Raw data: Begin

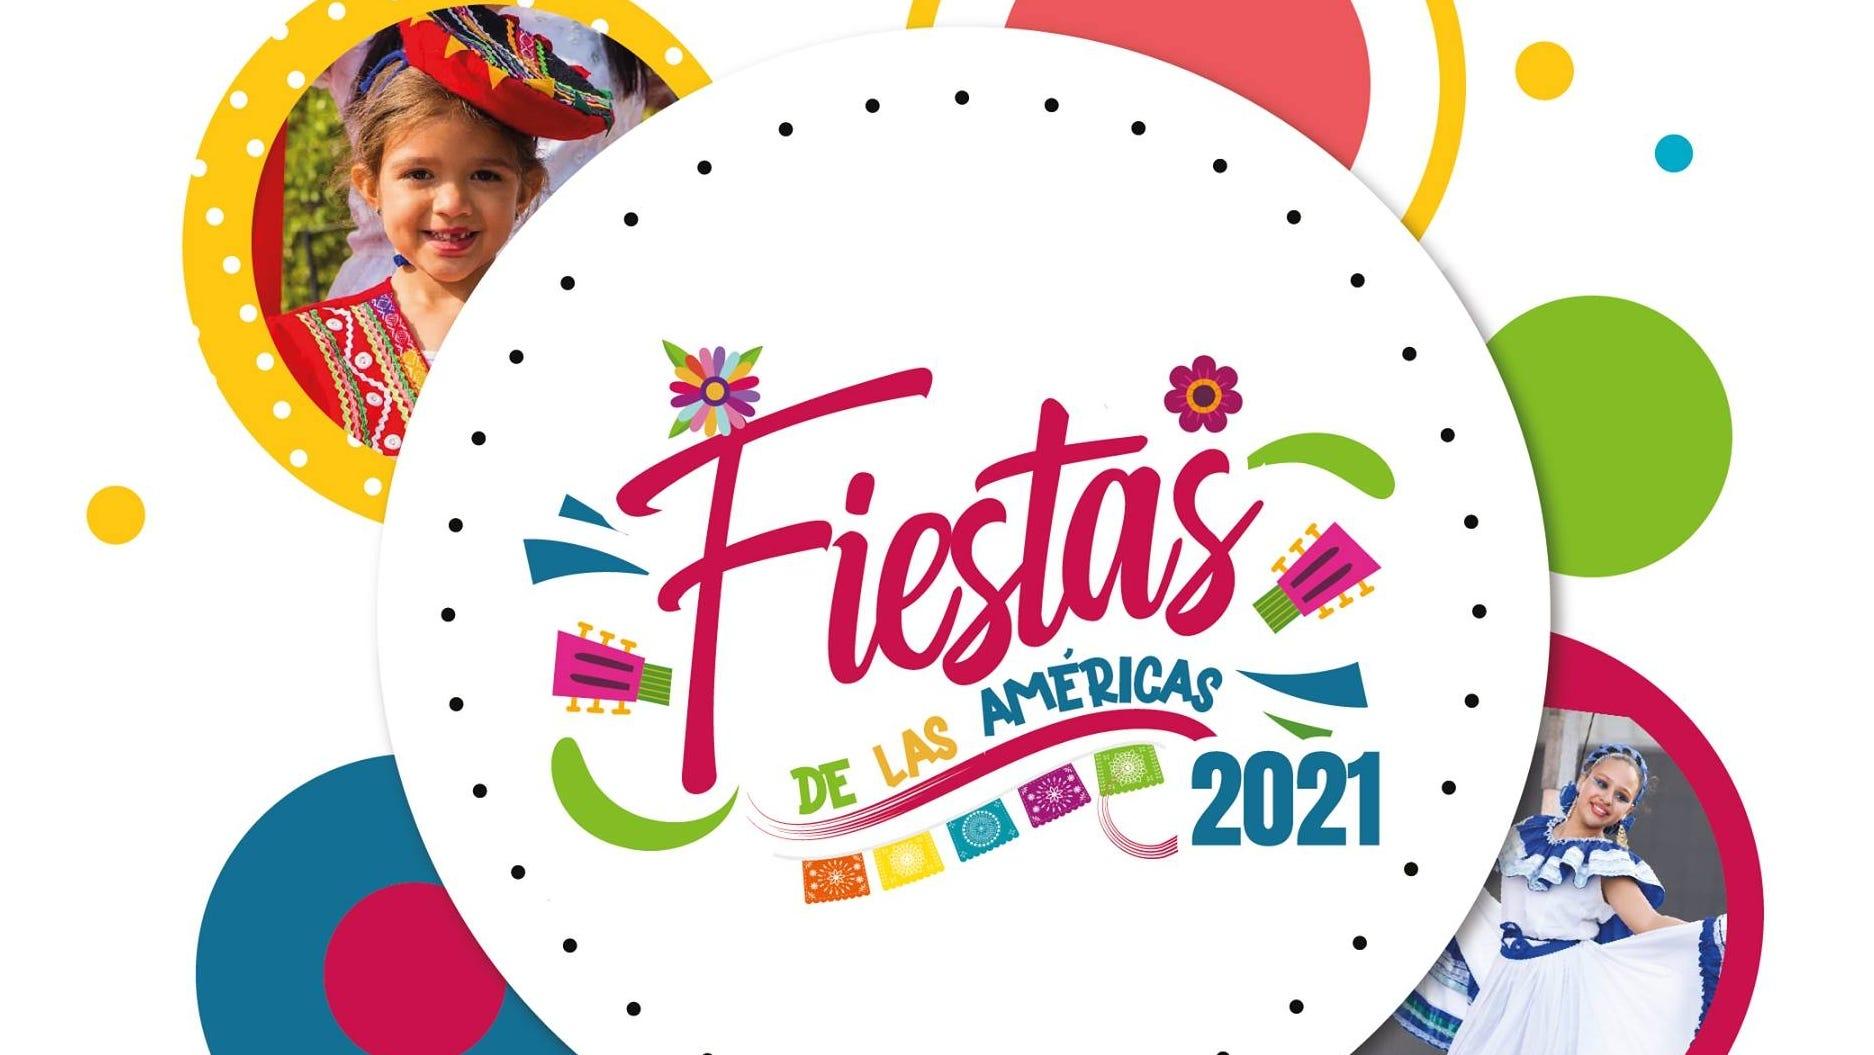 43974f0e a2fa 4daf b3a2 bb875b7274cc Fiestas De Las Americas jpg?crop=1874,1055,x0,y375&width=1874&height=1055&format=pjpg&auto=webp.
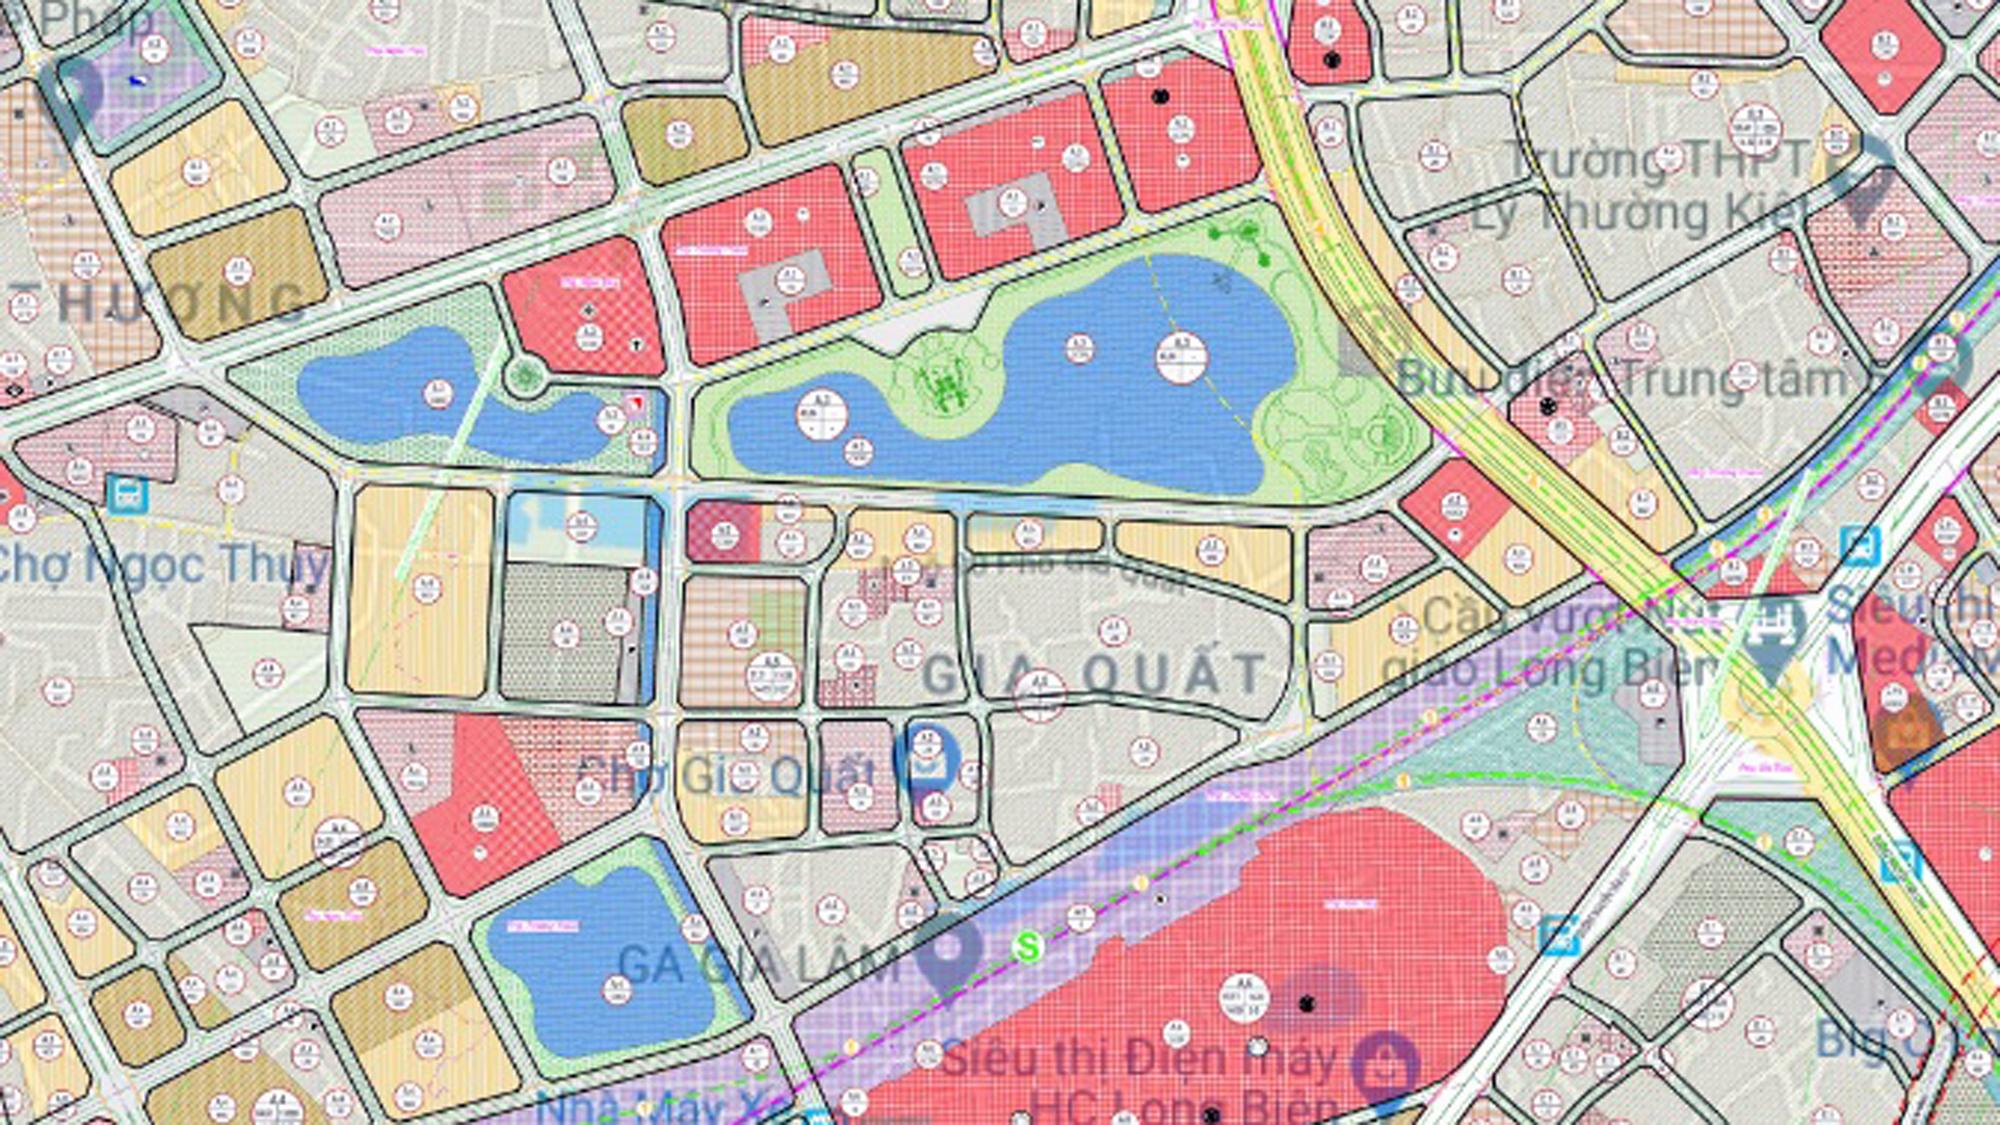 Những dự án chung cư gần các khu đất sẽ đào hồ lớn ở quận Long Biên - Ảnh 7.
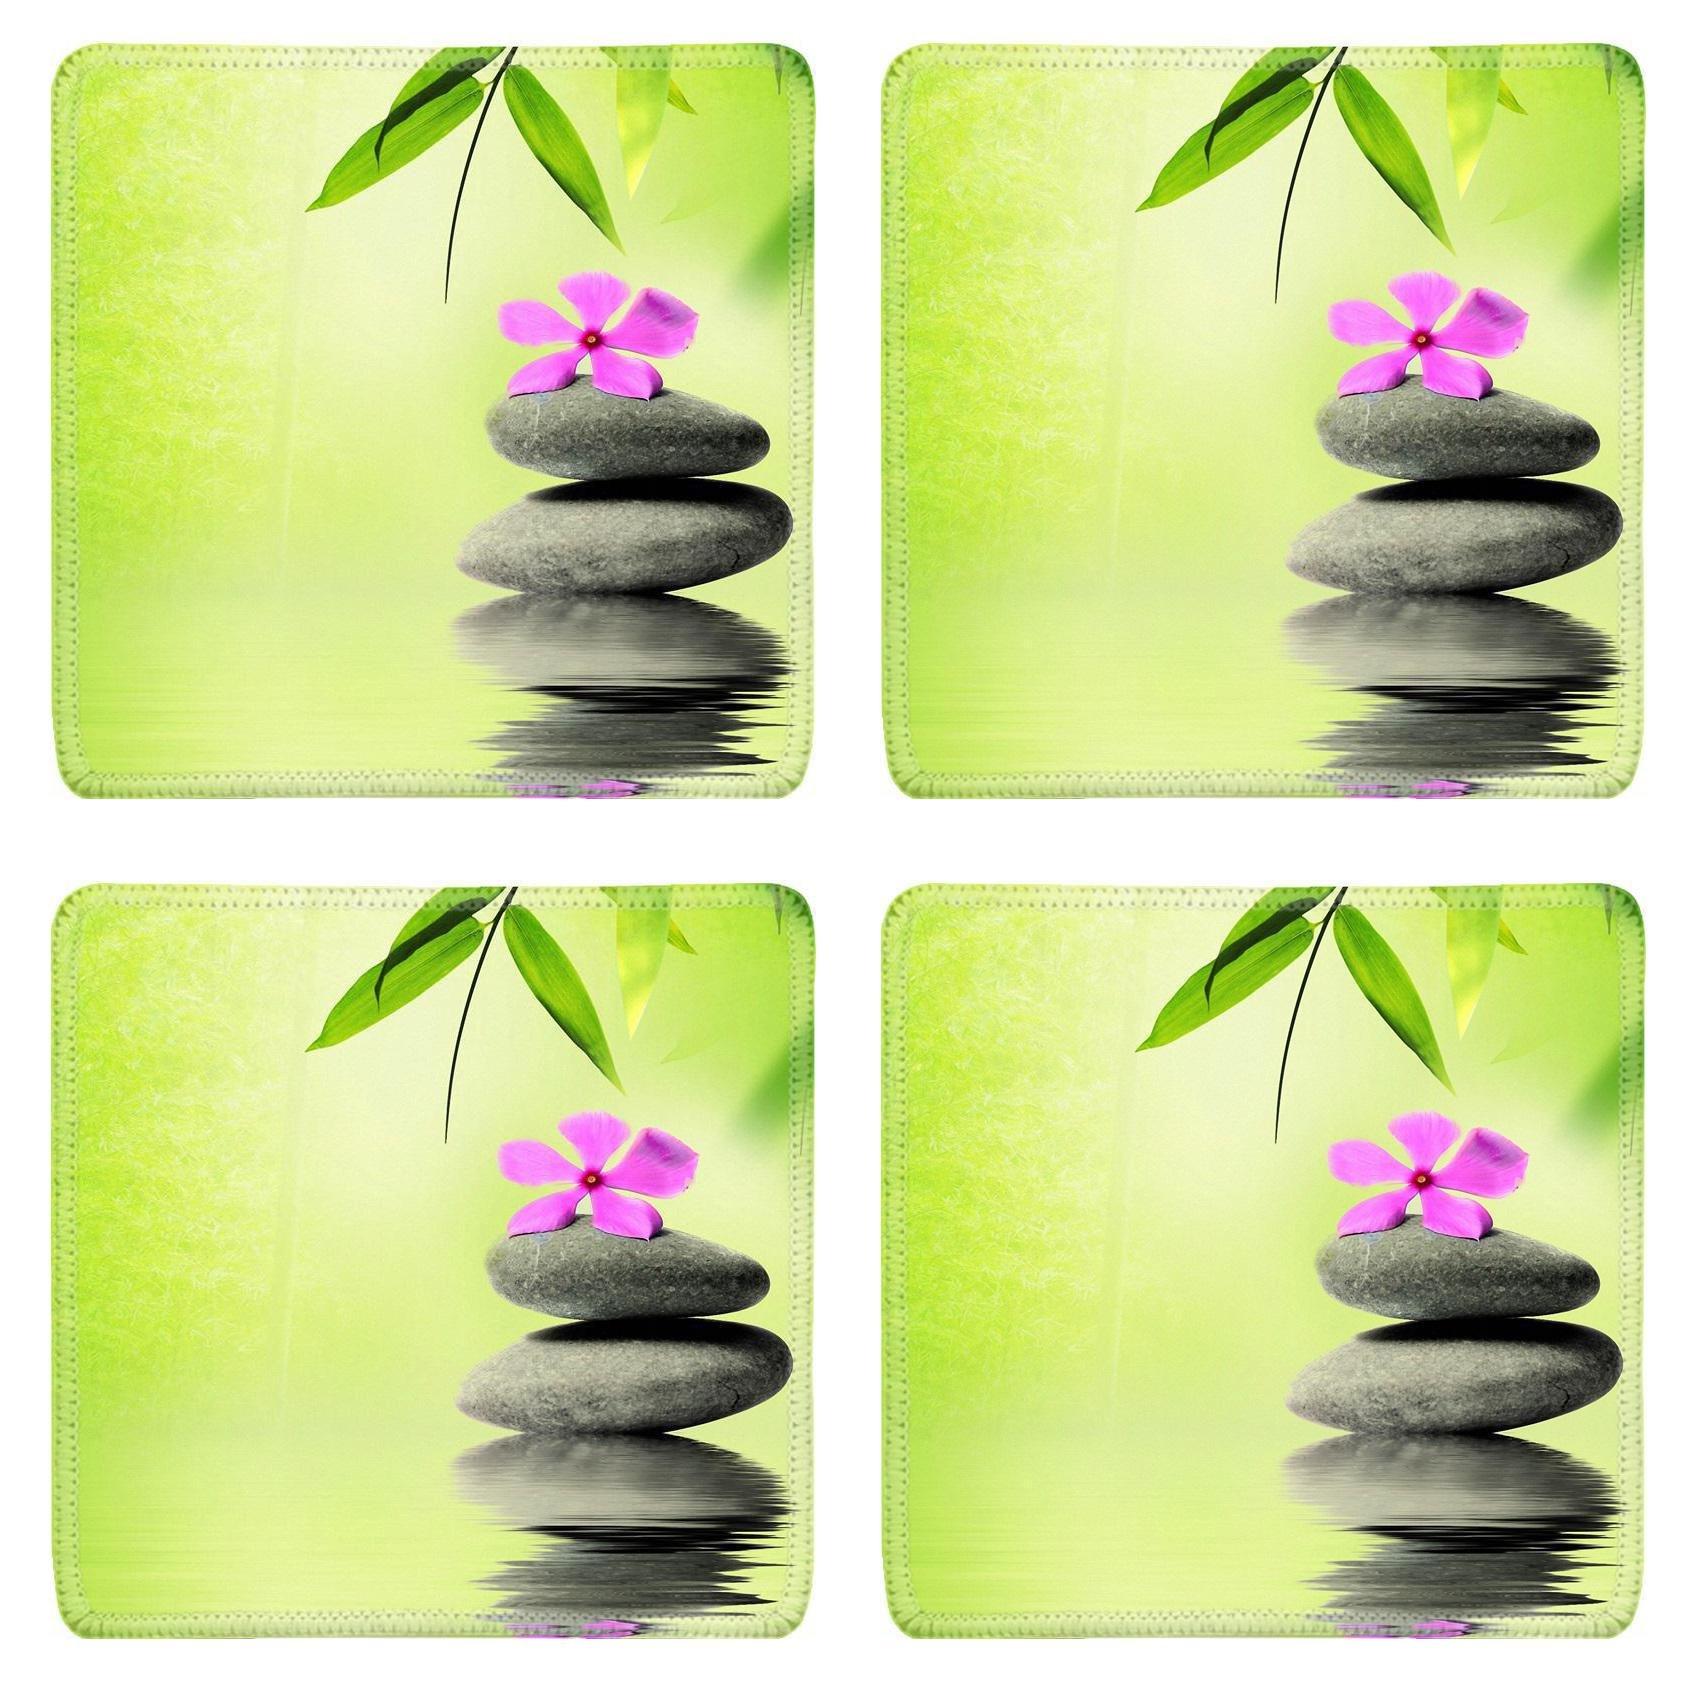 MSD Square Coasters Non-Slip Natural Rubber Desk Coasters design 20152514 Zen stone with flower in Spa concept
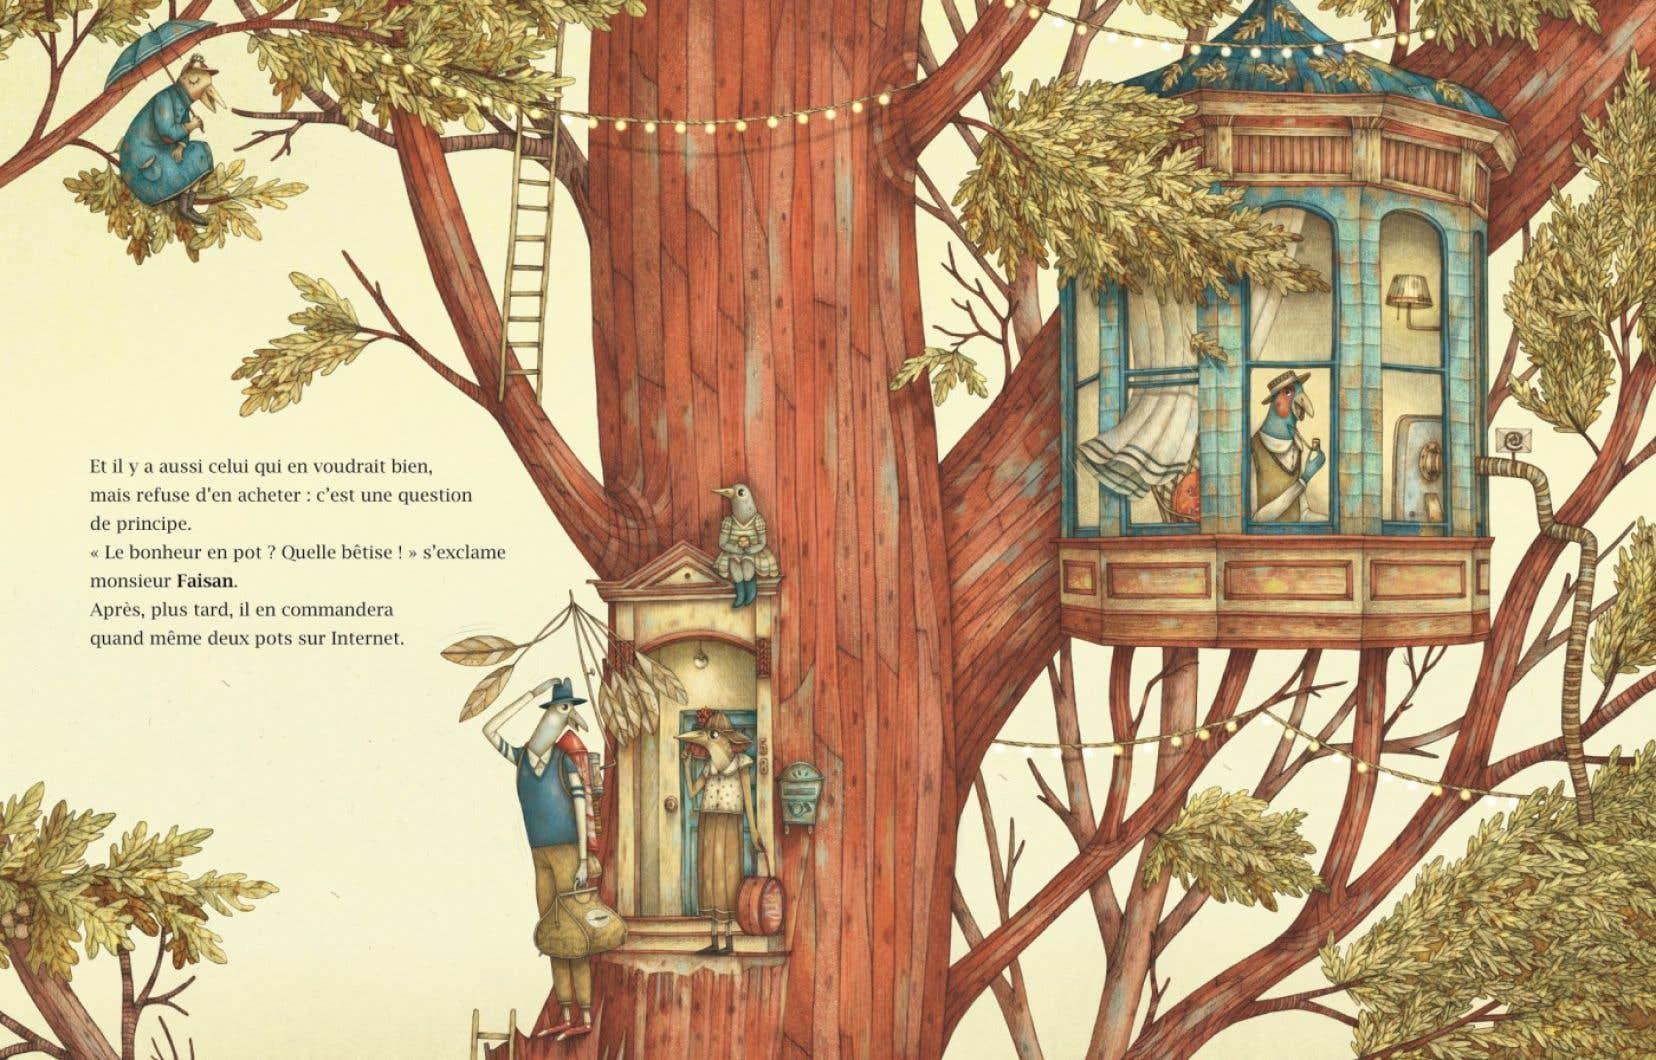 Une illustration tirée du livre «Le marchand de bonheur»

Raw data: End

Task to carry out: Restate the data above verbatim, skipping every image.

Answer to the problem:
 43974f0e a2fa 4daf b3a2 bb875b7274cc Fiestas De Las Americas jpg?crop=1874,1055,x0,y375&width=1874&height=1055&format=pjpg&auto=webp.
 Những dự án chung cư gần các khu đất sẽ đào hồ lớn ở quận Long Biên - Ảnh 7.
 MSD Square Coasters Non-Slip Natural Rubber Desk Coasters design 20152514 Zen stone with flower in Spa concept
 Une illustration tirée du livre «Le marchand de bonheur»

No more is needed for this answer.